If you want to explore the full multimodal model catalogue on DeepInfra, the models page lists all available vision and multimodal variants alongside their specs and pricing.

The model family is also built with fine-tuning in mind, with compatibility across JAX, Keras, Unsloth, and other frameworks. Weights are distributed under an Apache 2.0 license, meaning no restrictions on commercial use or modification.

Getting Started on DeepInfra

Gemma 4 is available on DeepInfra now. Pricing is straightforward: $0.07 per 1M input tokens and $0.34 per 1M output tokens. For a 25.2B-parameter MoE model running at fp8 precision with a 256K context window — activating only ~3.8B parameters at inference time — that’s a competitive price point for the capability on offer. Function calling, JSON output, and multimodal input are all supported out of the box.
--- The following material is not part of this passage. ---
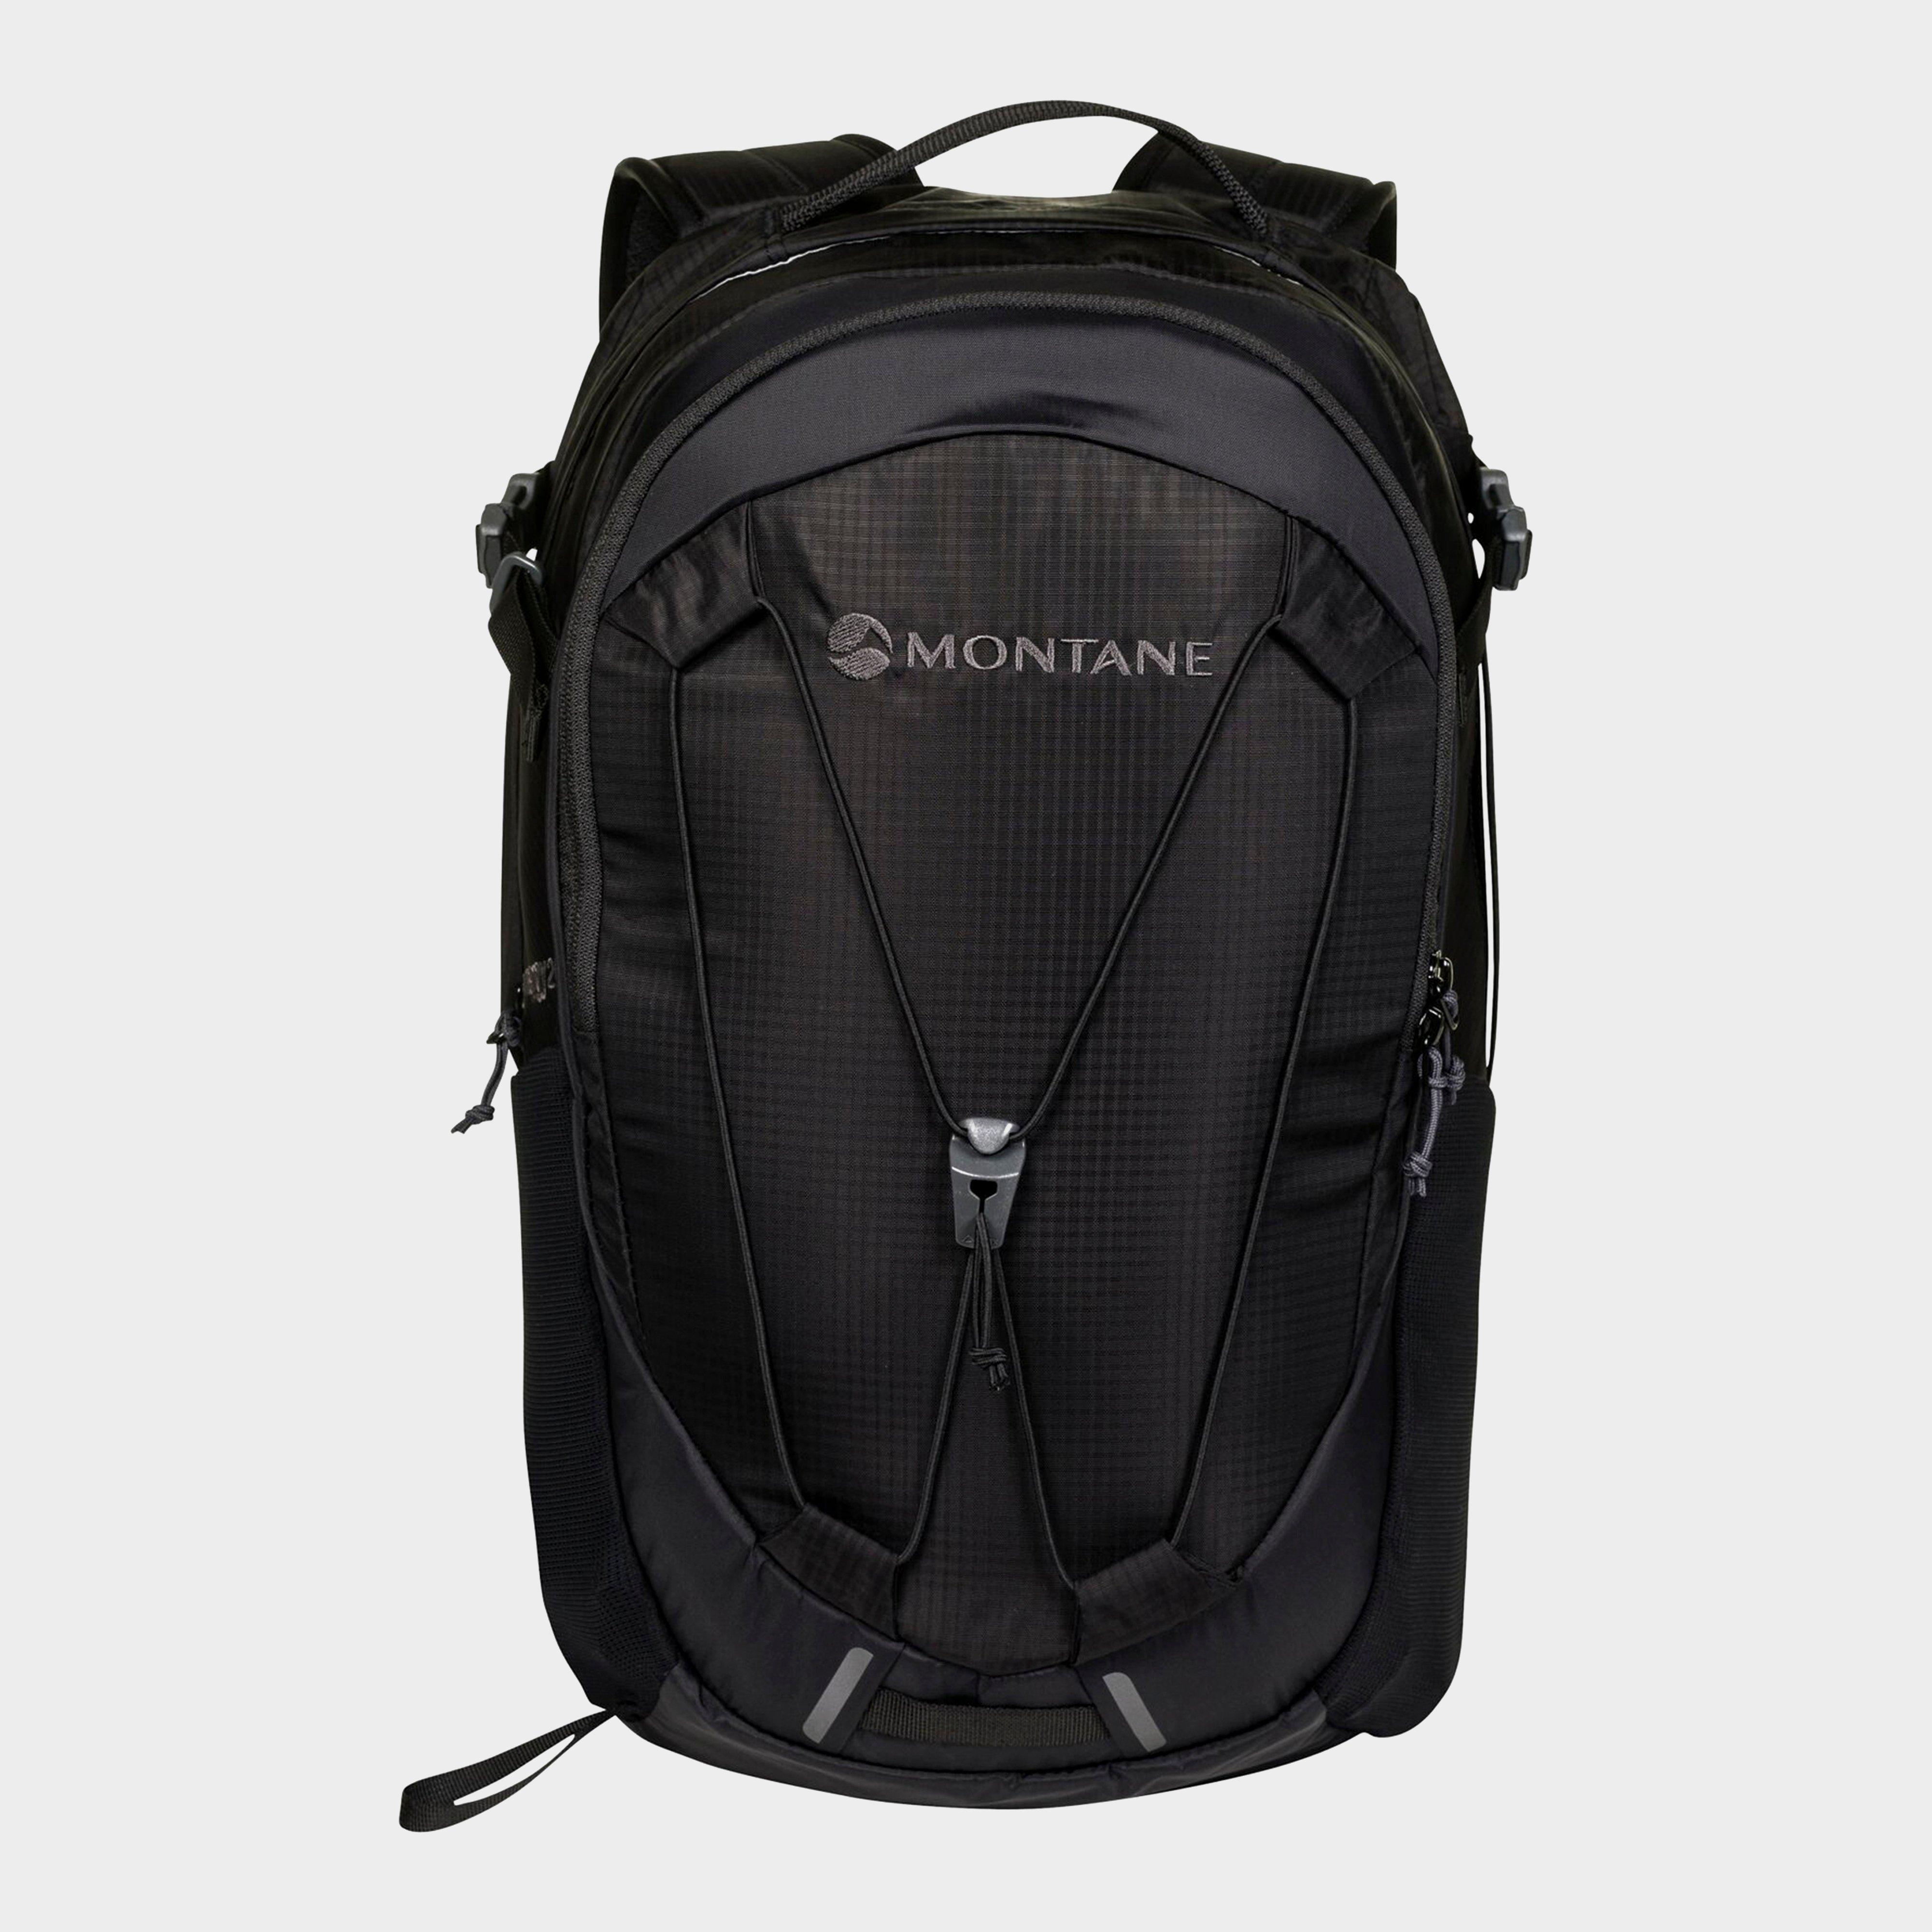 Montane Synergy 20L Backpack, Black

You can review the full DeepInfra pricing page if you want to compare costs across models before committing.

DeepInfra exposes the model through an OpenAI-compatible API with no infrastructure setup required — swap the base URL and your token, and your existing OpenAI client code works as-is. Billing is usage-based with no commitments, and the platform operates with a zero-retention data policy and is SOC 2 and ISO 27001 certified.

If you’d prefer to start with a lighter model to prototype before scaling up, Gemma 3 4B is also available on DeepInfra for lower-cost experimentation.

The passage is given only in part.